Section 7 Expense Arrears
[65] For the most part, after the September 2014 separation, the parties did not consult each other on the children’s activities falling under section 7 expenses. Based on their respective incomes, Mr. MacLennan’s proportionate shares for the years 2014 to 2017 were as follows:
• 2014 – 67%; • 2015 – 66.5%; • 2016 – 66%; and • 2017 – 66%.
[66] For Ms. Nobrega, her proportionate shares were as follows:
• 2014 – 33%; • 2015 – 33.5%; • 2016 – 34%; and • 2017 – 34%.
[67] The court is obligated to take into account any subsidies, benefits, income tax deductions or credits relating to the section 7 expenses in determining the quantum of each party’s contribution to an expense: section 7(3) of the Guidelines. Ms. Nobrega has claimed section 7 expenses for the period 2014 to 2017 as described in Exhibit 2, Tabs 45-7 and 59. She has made allowances for tax subsidies she would receive for these expenses. Mr. MacLennan’s proportionate share of these expenses is $3,548.74.
[68] It is not disputed that Ms. Nobrega’s proportionate share of the children’s dental expenses, which were paid for by Mr. MacLennan, is $992.32. This amount is set off against his proportionate share of section 7 expenses paid by Ms. Nobrega. As a result, Mr. MacLennan owes Ms. Nobrega $2,556.42 in section 7 arrears.
[69] Mr. MacLennan has submitted a total of $12,624.18 in section 7 expenses: see Exhibit 3 at Tabs 20-26. These expenses cover sports activities of the children over the period 2014 to 2017. Mr. MacLennan provided no evidence of whether he would receive any subsidies, benefits, income tax deductions or credits. It is his onus to provide this information. I cannot accurately assess Ms. Nobrega’s proportionate share because Mr. MacLennan may receive subsidies, benefits, income tax deductions or credits that would further reduce the amount claimed. To account for this, I will reduce Ms. Nobrega’s proportionate share to 10% and apply the amount ($1,262.42) to Mr. MacLennan’s section 7 arrears ($2,556.4). Thus, Mr. MacLennan owes $1,294.00 in section 7 arrears.
Summary of Orders
[70] Ms. Nobrega is a joint owner of the matrimonial home by way of resulting trust and has a 50% interest in the post-separation growth in the value of the matrimonial home.

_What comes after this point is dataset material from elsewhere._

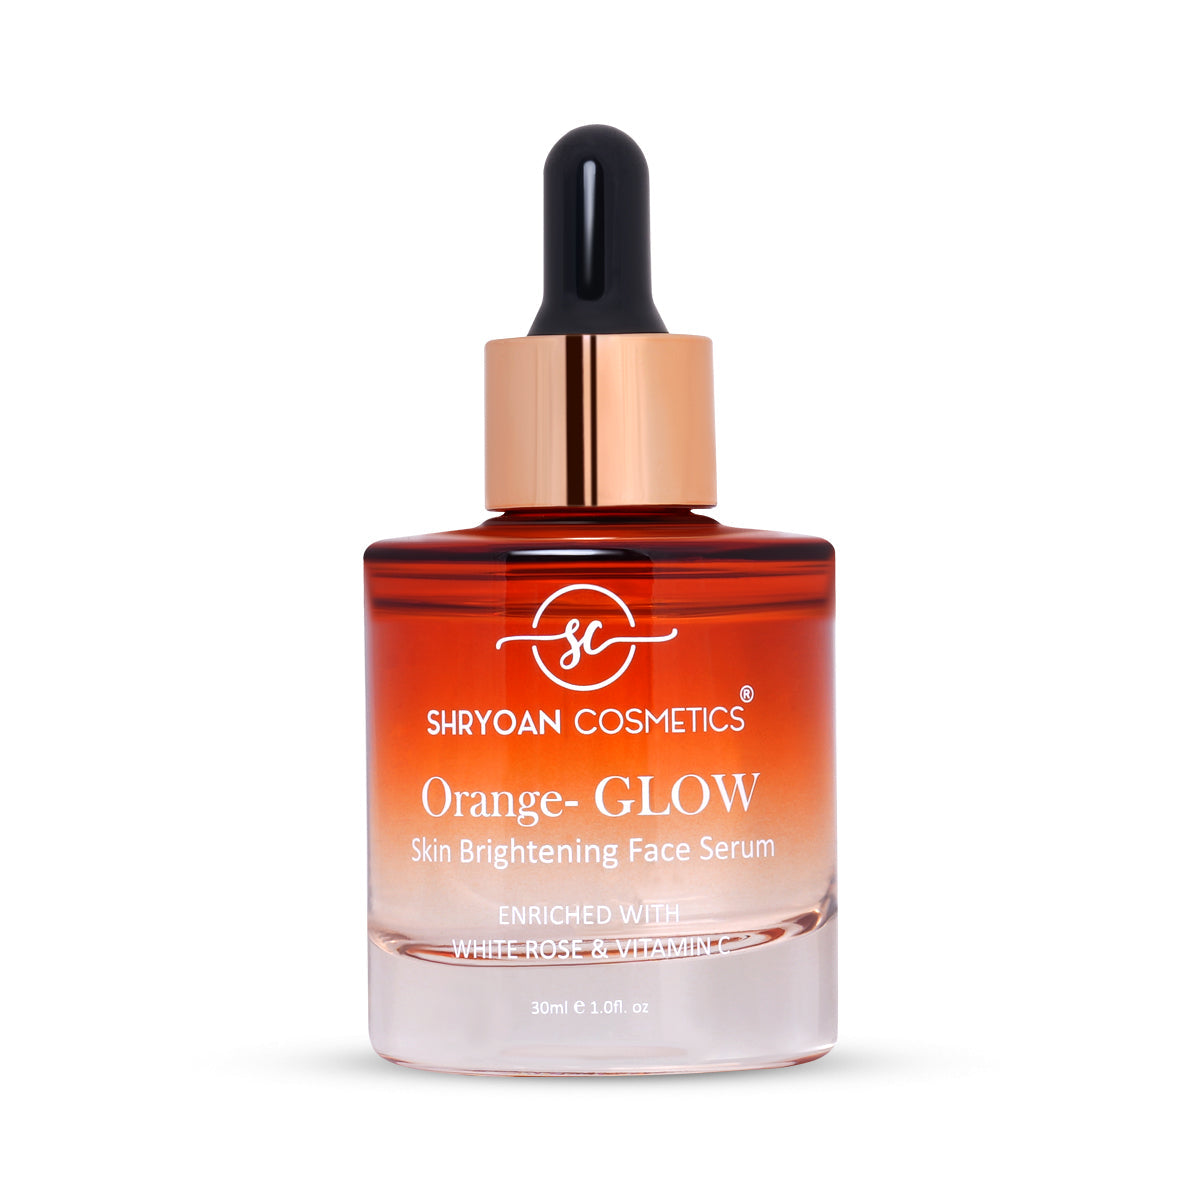 Shryoan Orange-Glow Skin Brightening Face Serum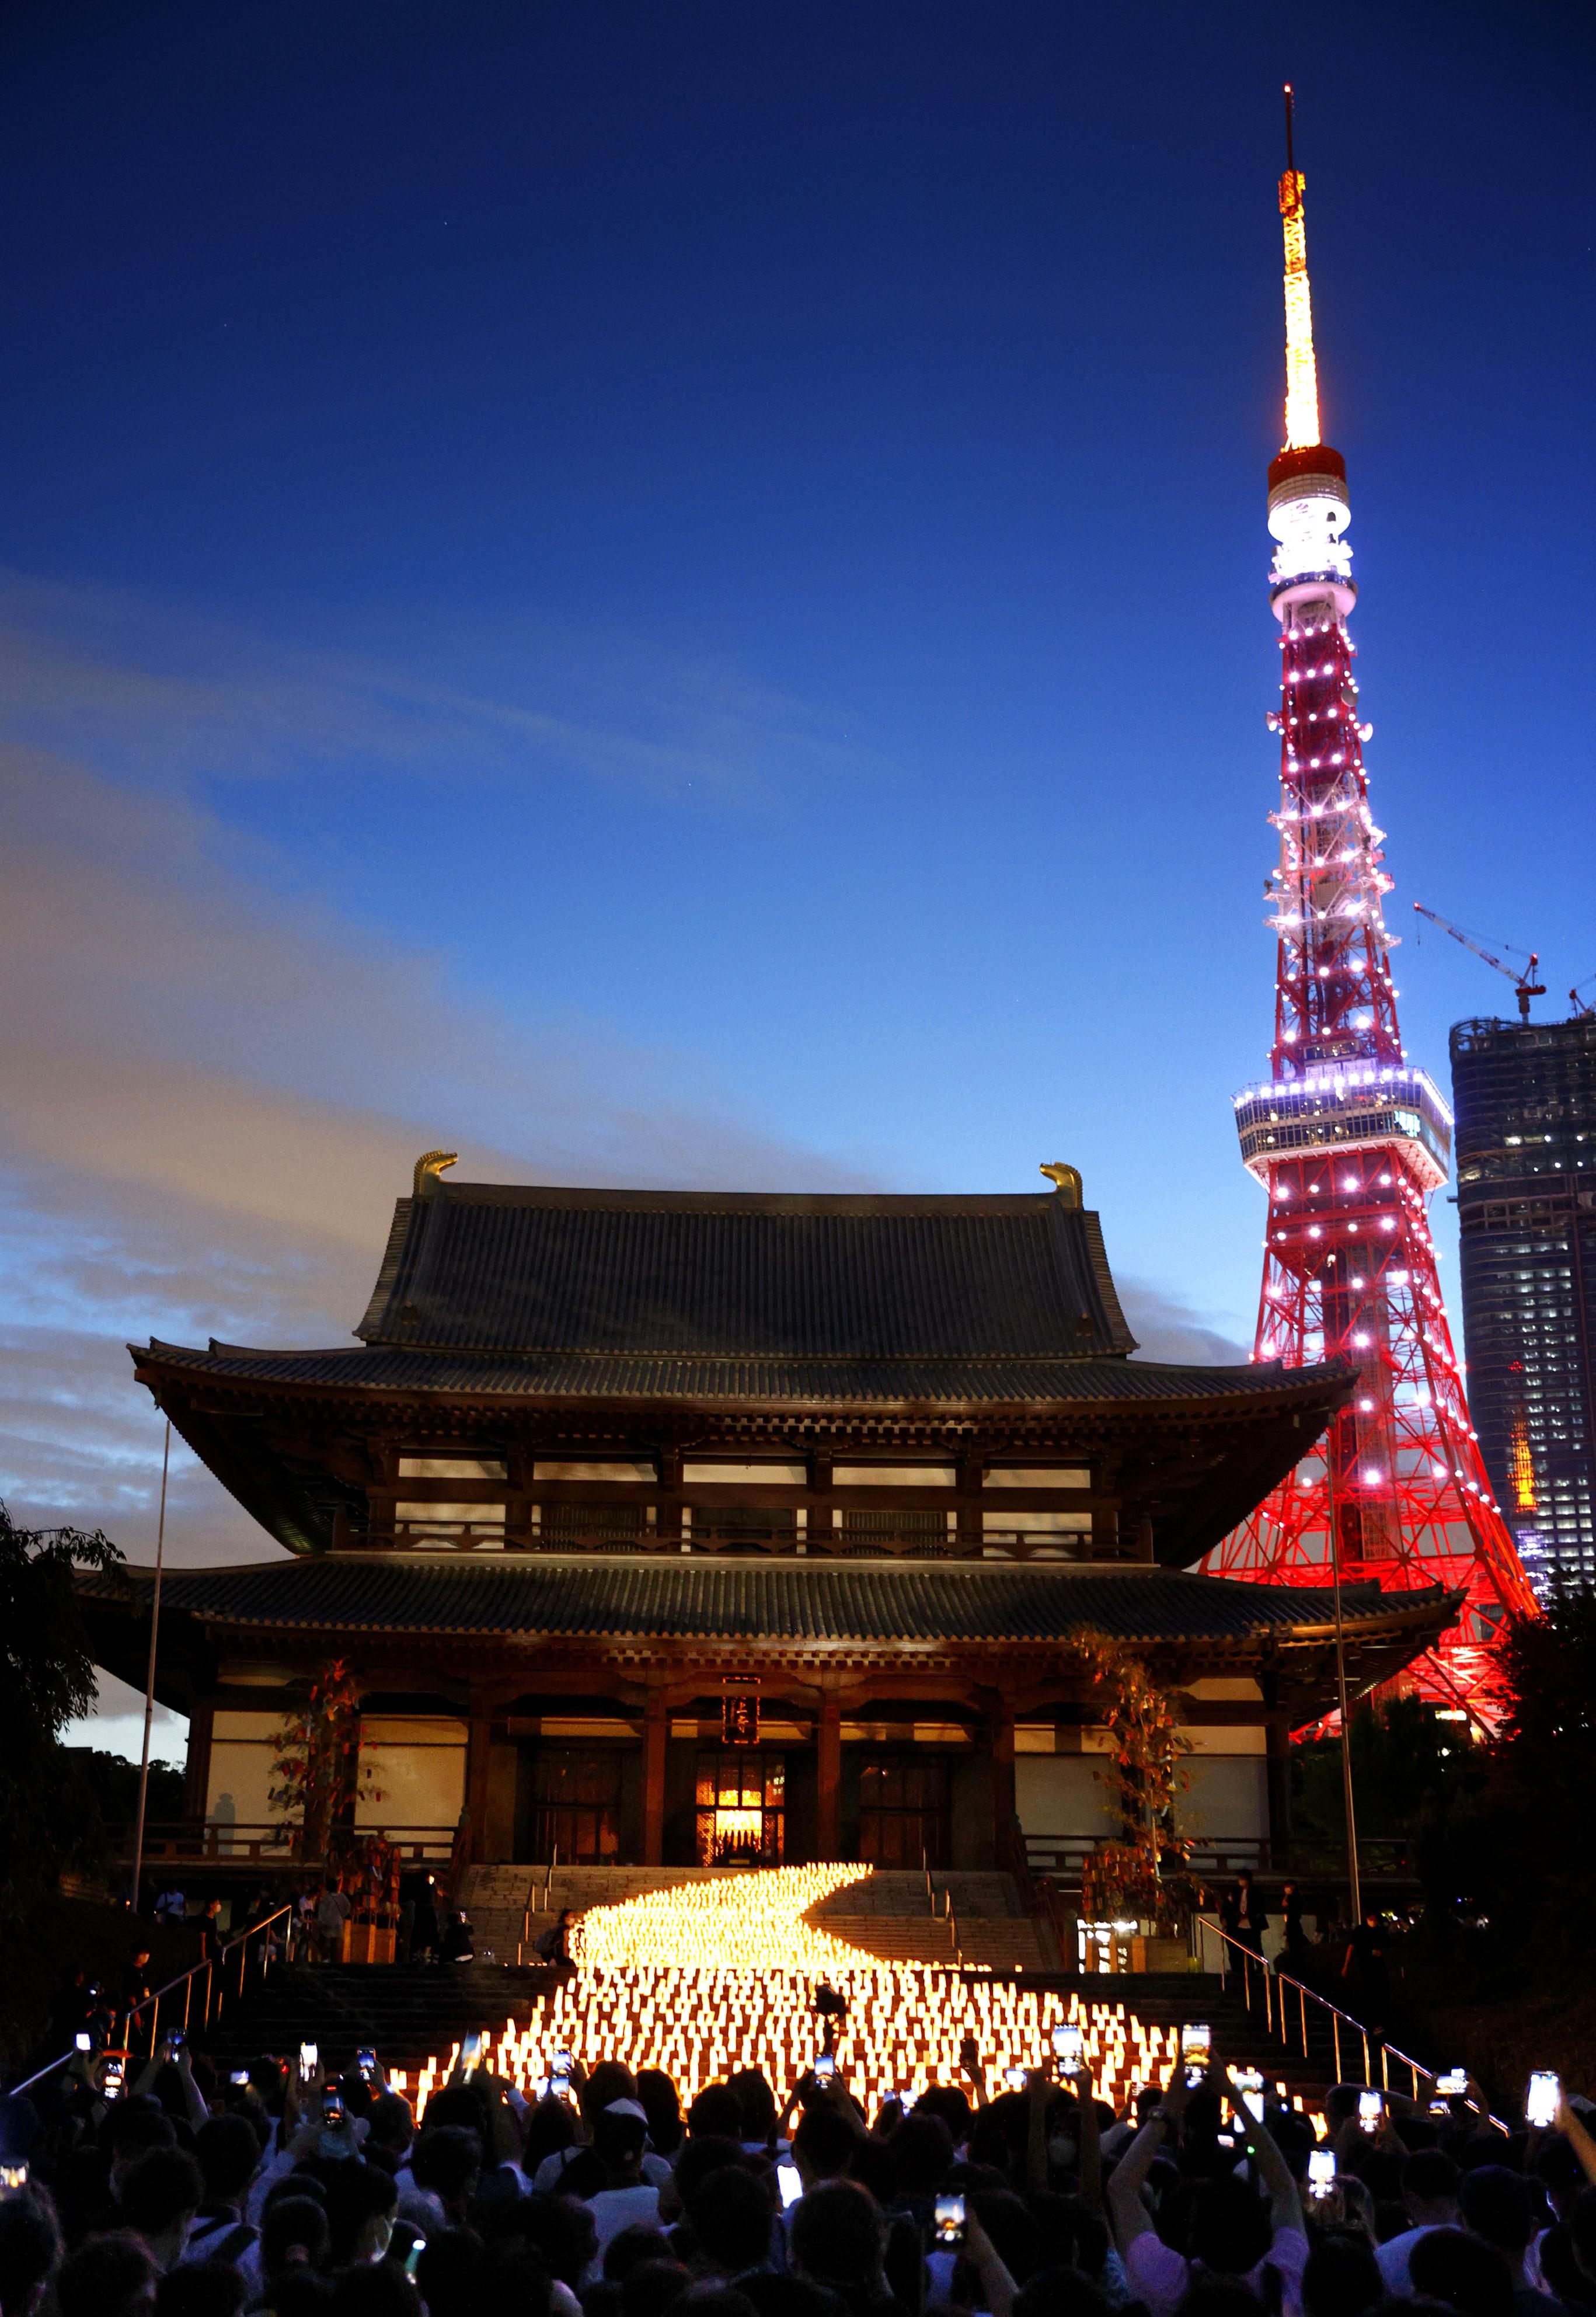 増上寺に 天の川 ともる 東京タワーとの コラボ も 産経ニュース

[71] Mr. MacLennan’s 2017, income is imputed to be $111,551.72 and he shall pay Guideline child support of $1,543.00 until July 1, 2018, when his monthly Guideline child support shall be calculated in accordance with his disclosed income.
[72] Mr. MacLennan shall pay child support arrears of $808.00. The parties shall adjust this figure to reflect actual child support paid by Mr. MacLennan in 2017, 2018, and 2019 as of the date of these reasons. Should the parties be unable to agree, they shall apply to the court for direction.
[73] Mr. MacLennan shall pay ongoing spousal support of $1.00 per month retroactive to September 14, 2014. This spousal order is of indefinite duration. Any reduction or termination of child support shall constitute a material change in circumstance for a review and variation of this spousal support order. Should Mr. MacLennan’s income exceed $100,000.00, this shall constitute a material change in circumstance for a review and variation of this spousal support order. This spousal support order shall be reviewed in 4 years without the need for a material change in circumstances.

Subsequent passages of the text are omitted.